Nested model with uneven group membership

I am trying to fit a simple linear regression where the response has a contribution from a substance under test and the laboratory it was tested in e.g. y~(substance + lab[substance])*x
(where x and y are vectors of inputs and outcomes).

Using the different methods from pages 230-232 of the manual I can fit y for:

  1. All substances (but labs ignored)
  2. A single substance all labs.

When I try to combine these models I have a problem because for each substance a different subset of labs carried out the tests (dataStructure.csv). (283 Bytes) There are 5 substances, 12 labs and each lab tested 1-3 materials (5-8 data points per lab/substance combination).

I am trying to get an estimate of the ‘true’ material contribution as well as the deviation due to lab. The aim is to use the ‘true’ value for a substance as the starting point of estimation for an untested but related substance. The lab component is material dependant.

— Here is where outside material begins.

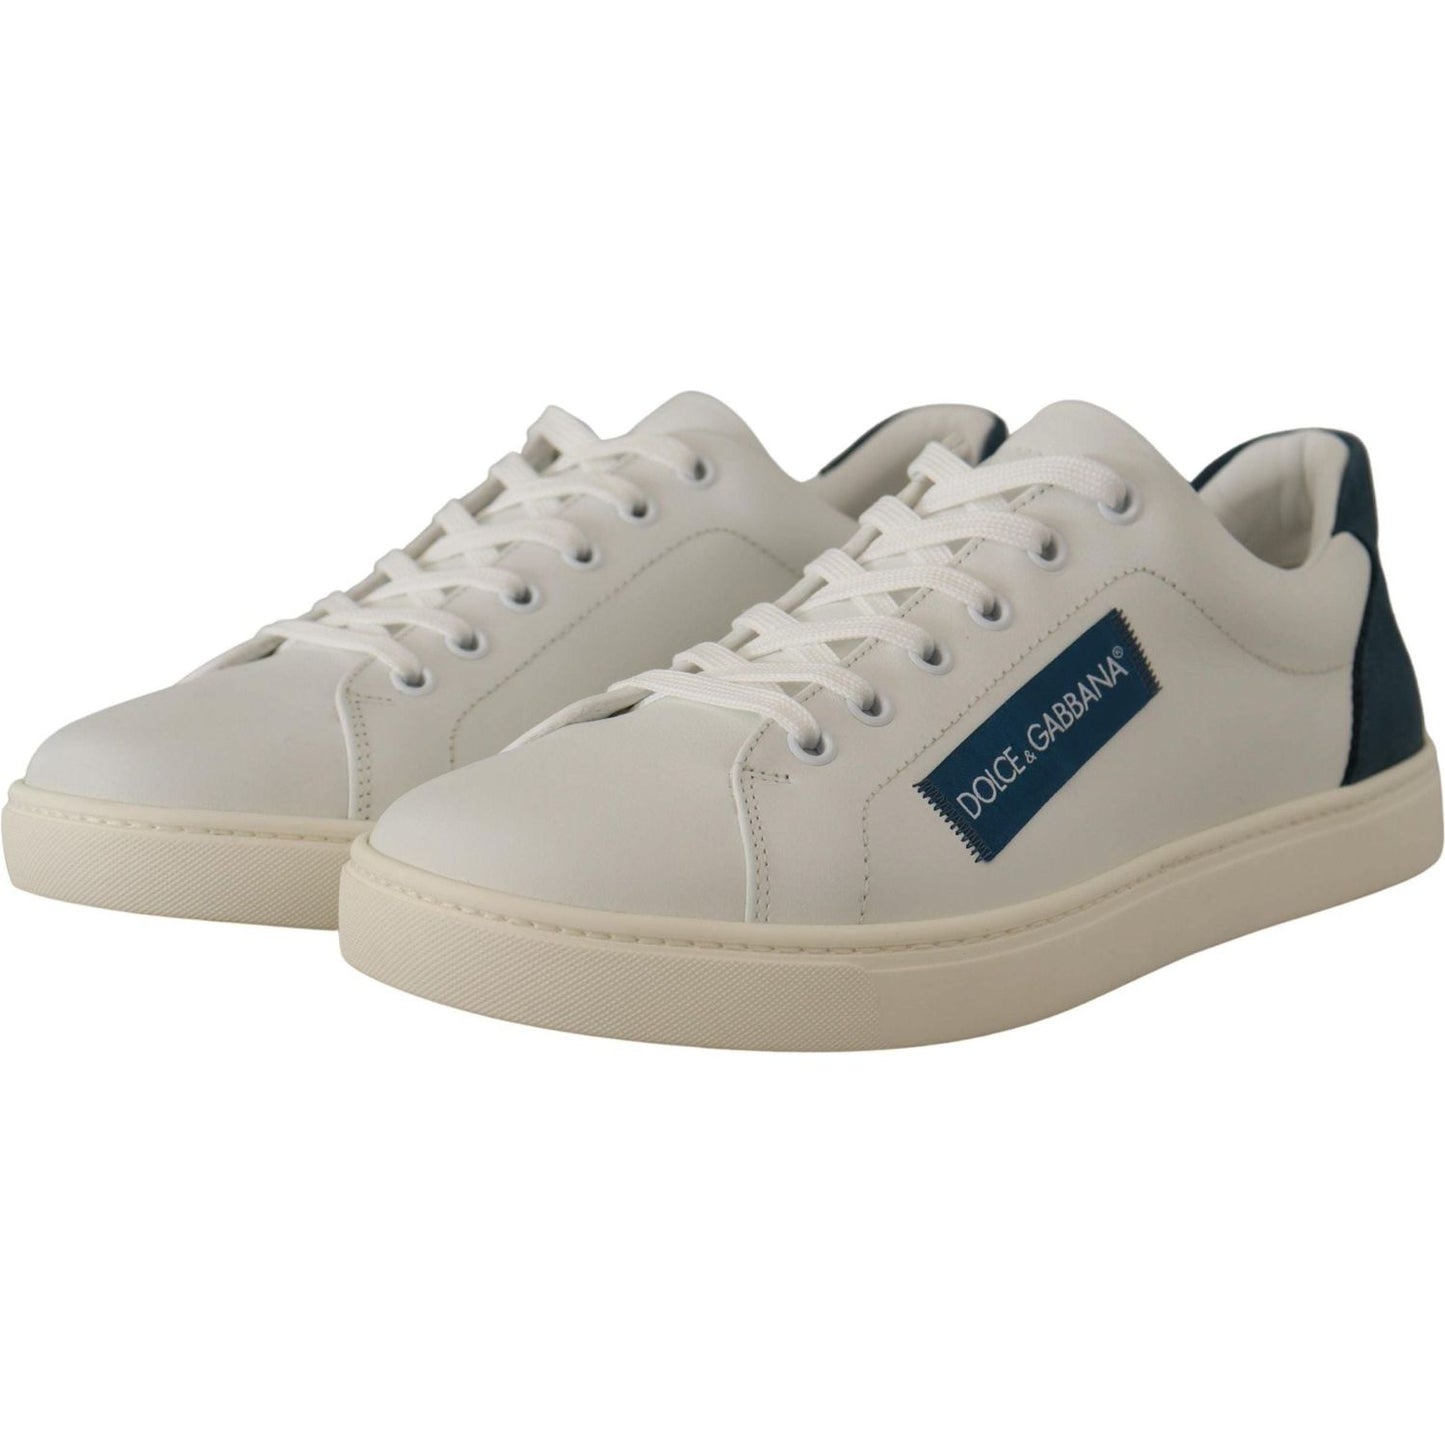 Dolce & Gabbana Chic White Leather Low-Top Sneakers white-blue-leather-low-top-sneakers-1

It seems like it should be a simple but it doesn’t have the balanced structure seen in the worked STAN examples I could find. Can anyone suggest a suitable approach? I have 1000 substances in total and they are expected to have related behaviour.

I am not really sure what your problem is, but I think it might be easier for you to not work with Stan directly but use the brms frontend which AFAIK let’s you express exactly the model you need with a formula syntax so that you avoid the hassle of writing your own Stan code.

If you for some reason need to directly work with Stan, spars/long form data structures should solve the problem - if you are having trouble with those, you should post your model code and explain where precisely are you stuck.

It’s much easier to help if you provide your model code. As is, it’s hard to tell how you tried to code the model.

At the time I posted I didn’t have a model beyond what was in the manual (I just couldn’t see how to express the problem). In the intervening time I came across:

https://rpubs.com/kaz_yos/stan-multi-2

Which basically described the model I was trying to fit (I didn’t know that was what the problem was called) and was straight forward to implement.